Ничего этого в моей жизни никогда не было, и поэтому я очень обрадовался, когда узнал, что в отпуск мы поедем в Крым, и будем жить у бабушек. Сначала у бабушки Насти в Симферополе, а потом, у бабушки Ане в деревне!
Уже в Симферополе я узнал, что мама остается в городе, так как хочет повидать своих подруг, многочисленных родственников, которых она не видела лет десять и потому в деревню на целых две недели мы отправимся с папой вдвоем.
Автовокзал находился на улице Желябова, совсем рядом с 1-й школой. Каждую минуту диктор объявлял о том, что какой-нибудь автобус отправляется в Ялту, в Евпаторию, в Днепропетровск, и даже в Москву.
В Ханышкое, так называлось село, в котором жила бабушка, отец не был лет пятнадцать и, наверное, поэтому очень волновался. Он рассказывал мне о том, что был в селе первым пионером, комсомольцем. Когда создали колхоз, то ему доверили первый трактор - американский «Фордзон».
В тридцать третьем году отец поступил в военное авиационное училище и больше в родном селе не был ни разу, а его мама - моя бабушка, продолжала работать там учительницей.
Не буду рассказывать, как обрадовалась нам бабушка, которую раньше я видел только по фотографиям. Я с нетерпением ждал знакомства с деревней, но, честно говоря, ничего не мог понять. Ханышкой был, словно зажат между двумя длинными невысокими горами. Через всю деревню тянулась речка Альма. Сначала я даже не поверил, что речки могут быть такими маленькими. Наш Мургаб раз в десять был шире, но зато вода в Альме была чистая-чистая и течение было намного быстрее.
Сразу за горкой начинались поля, на которых, как рассказал отец, проходило знаменитое Альминское сражение. Мальчишками они часто находили старинные тесаки, пуговицы от мундиров, пузатые французские бутылки, которые ещё долгие годы верой и правдой служили ханышкойцам, а одна из них даже стояла у бабушки в шкафу.

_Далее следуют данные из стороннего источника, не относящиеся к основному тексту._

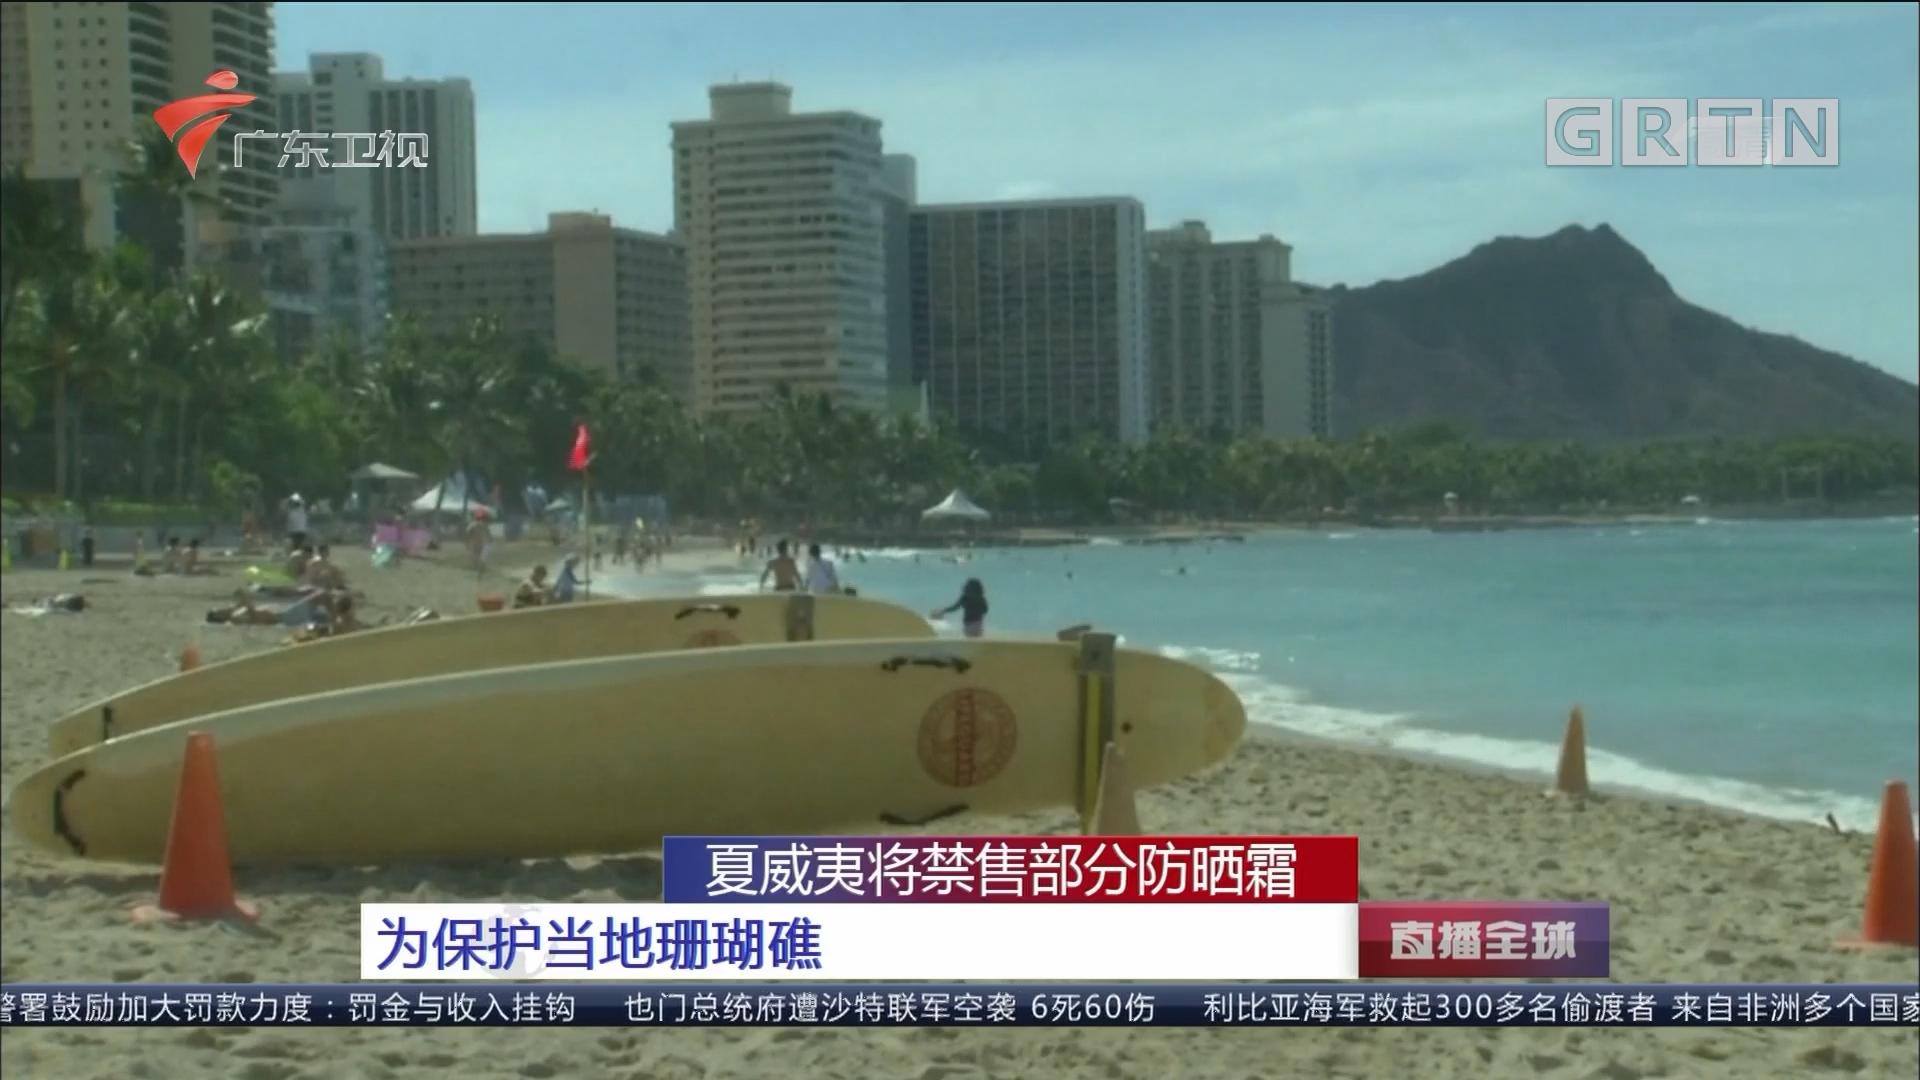 夏威夷将禁售部分防晒霜 为保护当地珊瑚礁

Отец водил меня по селу и рассказывал, рассказывал... Как я понял, его друзья были людьми самых разных национальностей: Иван Янис - грек, Павлик Дорошко - украинец, Идрис Яшлавский - крымский татарин, Иван Чернов - русский... При этом если к любому из них обратятся по-русски - отвечали по-русски, если обратятся по-татарски, отвечали по-татарски. ; Если старик Яшлавский встречал, на улице старика Яниса, то вежливо приветствовал его по-гречески: «Калимера!» А тот в ответ говорил по-татарски: «Мерхаба, койшум!»
Отца очень огорчало почти полное отсутствие людей, с которыми он когда-то учился, работал в колхозе...

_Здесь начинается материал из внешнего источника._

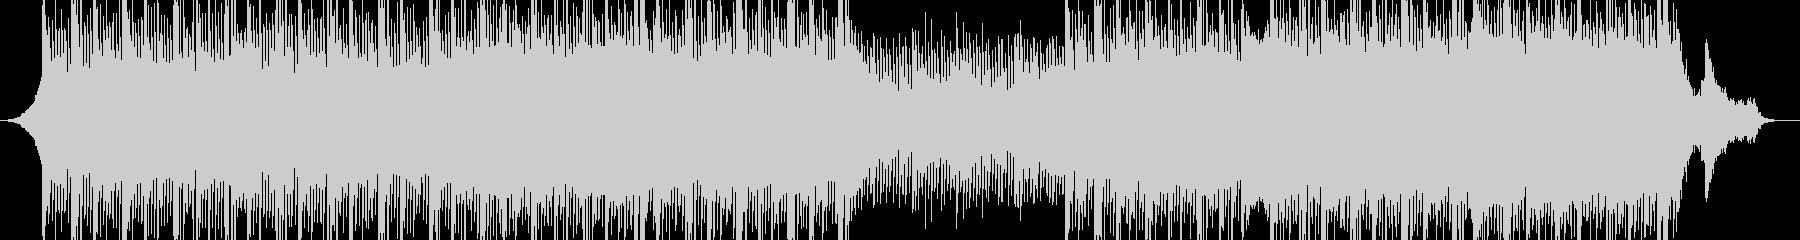 前衛交響曲 未来の技術 劇的な テ...の未再生の波形

Единственным человеком, который узнал его и долго обнимал, хлопал по плечу и всё не мог поверить, что это и есть его друг детства Женька Поляков, был Иван Чернов.
Вечером в его доме я играл с его сыном Генкой в альчики, которые он почему-то называл ашики, а отец и дядя Ваня пили домашнее виноградное вино и вспоминали, вспоминали...
Дядя Ваня, рассказывал о том, что когда он вернулся домой после войны, то тоже почти не встретил знакомых: сначала, оказывается, выслали крымских татар, через несколько месяцев греков, потом тех русских, кто находился в оккупации и работал на немцев.
- А как не работать? - тихо рассказывал он отцу. Когда оккупация длилась более трех лет! В сорок пятом в Ханышкой стали привозить новых людей. Почему-то их называли «бан-деровцами». Сначала я даже думал, что это какая-то национальность, - усмехнулся дядя Ваня. Им все здесь было чуждо, они тосковали по своим родным местам, но их желания, похоже, тоже никто не спрашивал.
А колодец! - Он медленно допил стакан домашнего виноградного вина и, поглядывая на меня, сказал: «Каким праздником для села была чистка колодца. Собирались все мужчины, а самого легкого, но шустрого и смекалистого пацана, обвязывали веревкой и спускали в колодец. Потом также на веревке опускали хопха и пацан скидывал в него листву, ветки, ну все что занесет ветер, или бросит недобрая рука.» ;, Я вспомнил, что отец с гордостью рассказывал о том, как ему первому из их ватаги доверили опускаться в колодец и, что потом он хвастал сверстникам, что днём (!!!) видел из колодца звезды.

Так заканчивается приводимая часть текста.